Member of the Louisiana State Senate
- In office 1940–1944 Serving with Lloyd Hendrick
- Preceded by: Roscoe C. Cranor J. C. Heard
- Succeeded by: Riemer Calhoun Lloyd Hendrick

Personal details
- Born: October 1, 1911 Selma, Grant Parish, Louisiana, U.S.
- Died: November 11, 1967 (aged 56) Lake Charles, Louisiana, U.S.
- Party: Democratic
- Spouse: Merle Sloan
- Children: 1
- Education: Louisiana State University

= Joe T. Cawthorn =

American politician

Joe T. Cawthorn (October 1, 1911 – November 11, 1967) was an American politician. He served as a Democratic member of the Louisiana State Senate.

Cawthorn was born in Selma, Grant Parish, Louisiana. He graduated from Oak Grove High School, and attended Louisiana State University, where he earned a law degree in 1932. After earning his law degree, Cawthorn became active in Louisiana politics, and was a friend of Huey Long and his son, Russell.
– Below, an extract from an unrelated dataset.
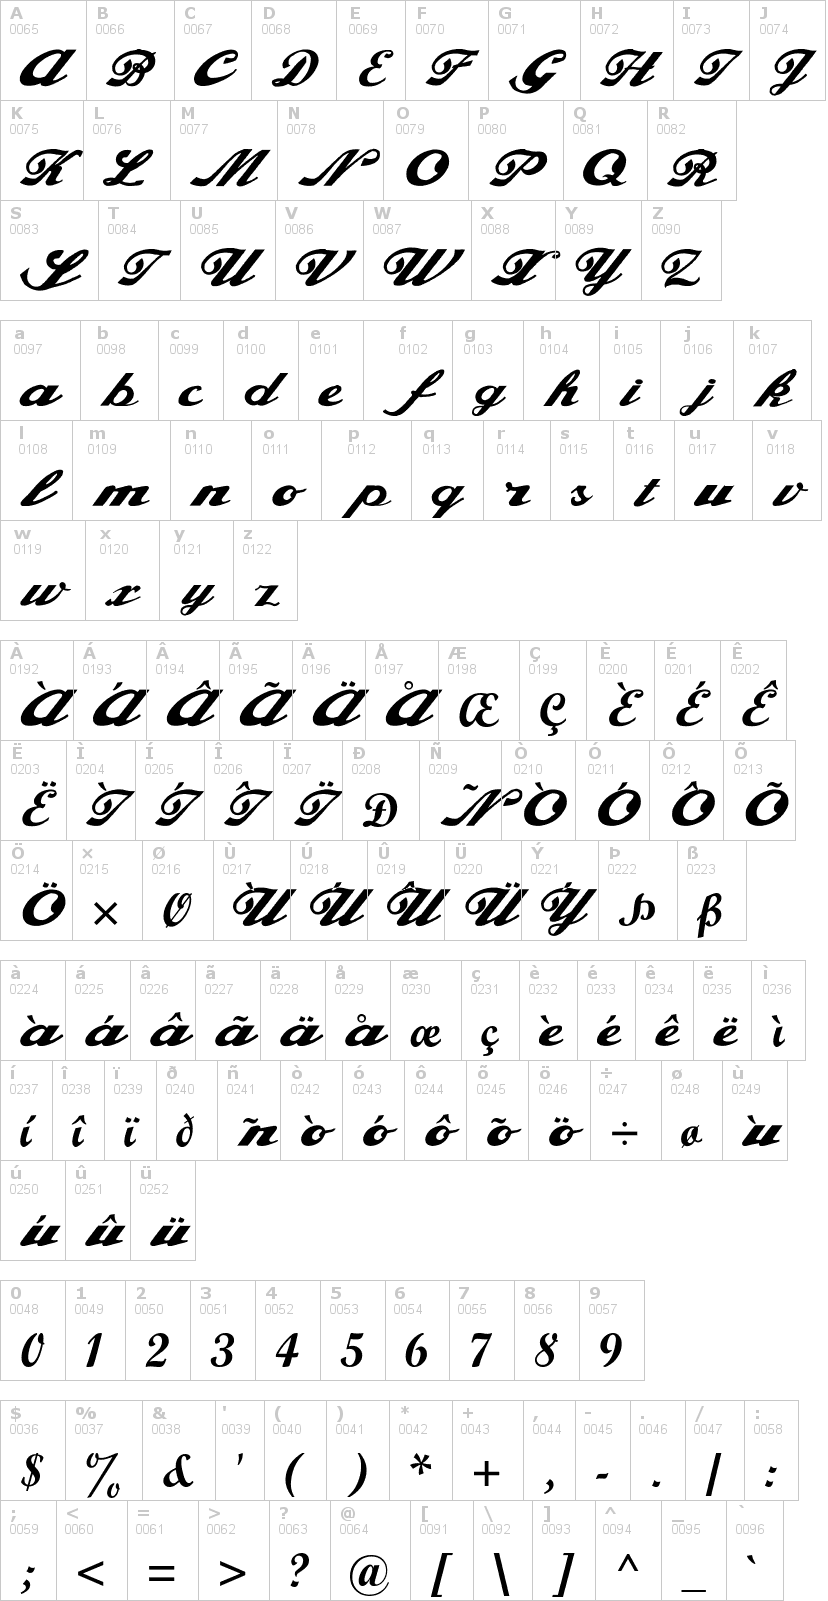 Lettere dell'alfabeto del font alfaowner-script con le quali è possibile realizzare adesivi prespaziati

In 1940 Cawthorn was elected to the Louisiana State Senate, serving until 1944. Cawthorn practised as an attorney in Mansfield, Louisiana, but was disbarred in 1953 as a result of a 1948 conviction for jury tampering, for which he received a 2-year sentence. In the 1960s, Cawthorn represented rodeo performer Jack Favor when he was falsely accused of murder.

Cawthorn died in November 1967 at a hospital in Lake Charles, Louisiana. He was pronounced dead at 5:32pm.